On 09/20/2013 12:48 PM, Noam Bernstein wrote:
> On Sep 20, 2013, at 11:52 AM, Gus Correa<gus_at_[hidden]> wrote:
>> Hi Noam
>> Could it be that Torque, or probably more likely NFS,
>> is too slow to create/make available the PBS_NODEFILE?
>> What if you insert a "sleep 2",
>> or whatever number of seconds you want,
>> before the mpiexec command line?
>> Or maybe better, a "ls -l $PBS_NODEFILE; cat $PBS_NODEFILE",
>> just to make sure the file it is available and
>> filled with the node list, before mpiexec takes over?

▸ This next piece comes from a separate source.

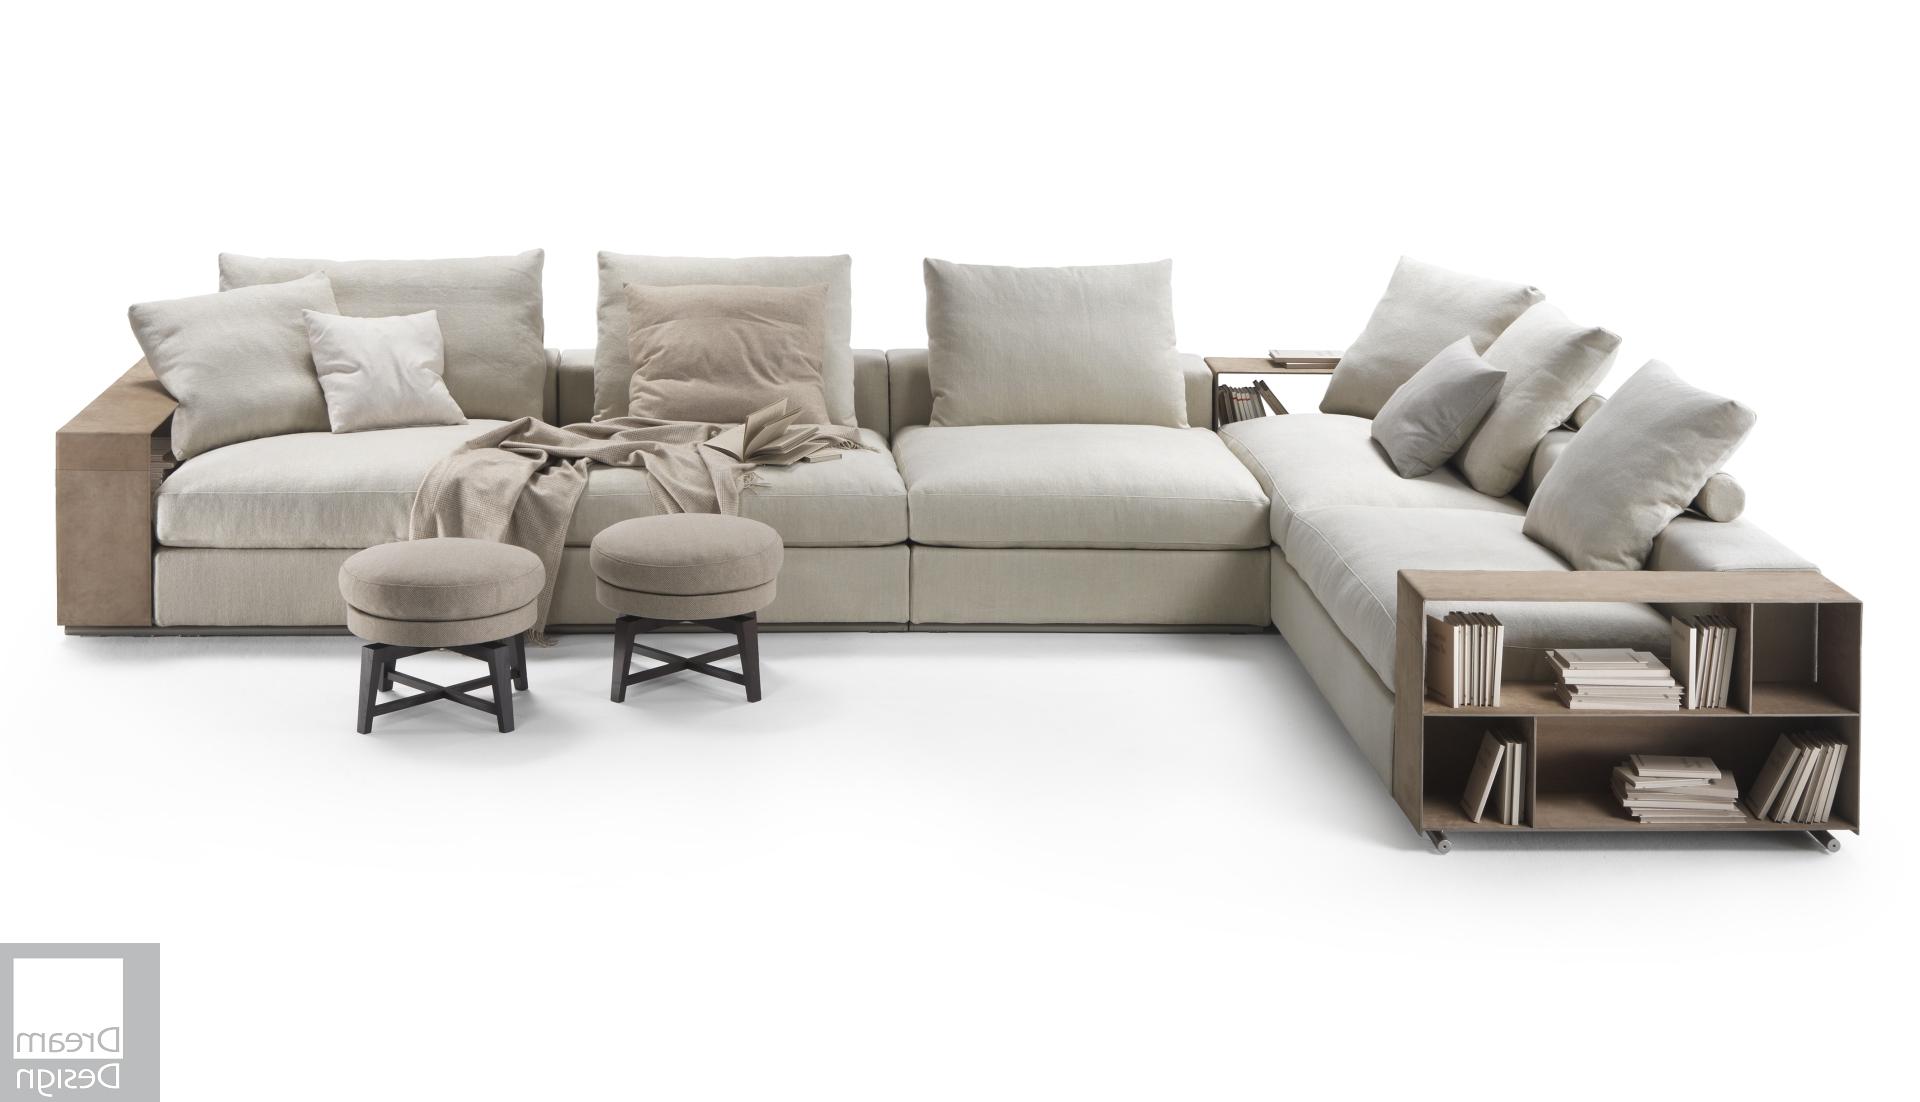 Favorite Dream Navy 2 Piece Modular Sofas With Flexform Groundpiece Modular Sofa – Dream Design Interiors Ltd (View 2 of 20)

> I don't see how NFS could be involved, since it's on a local filesystem.
> As for adding a sleep, I already tried that - if the file doesn't exist, I sleep a few
> seconds and check again, and in every case if it's not there to begin with it's not
> there the second time either. And this all doesn't explain the very
> mysterious even more infrequent situation where I can cat the file, but
> mpirun can't find it.
I only read the full email exchange after I sent my message.
Now I read it is not over NFS but local.
Still a communication delay (which can be non-deterministic)
between pbs_server and the local pbs_mom on the node could be
behind the problem (say, if the server authorizes the
node to start the job first, then second it copies over the
node file over, which may take some time,
depending on the network traffic).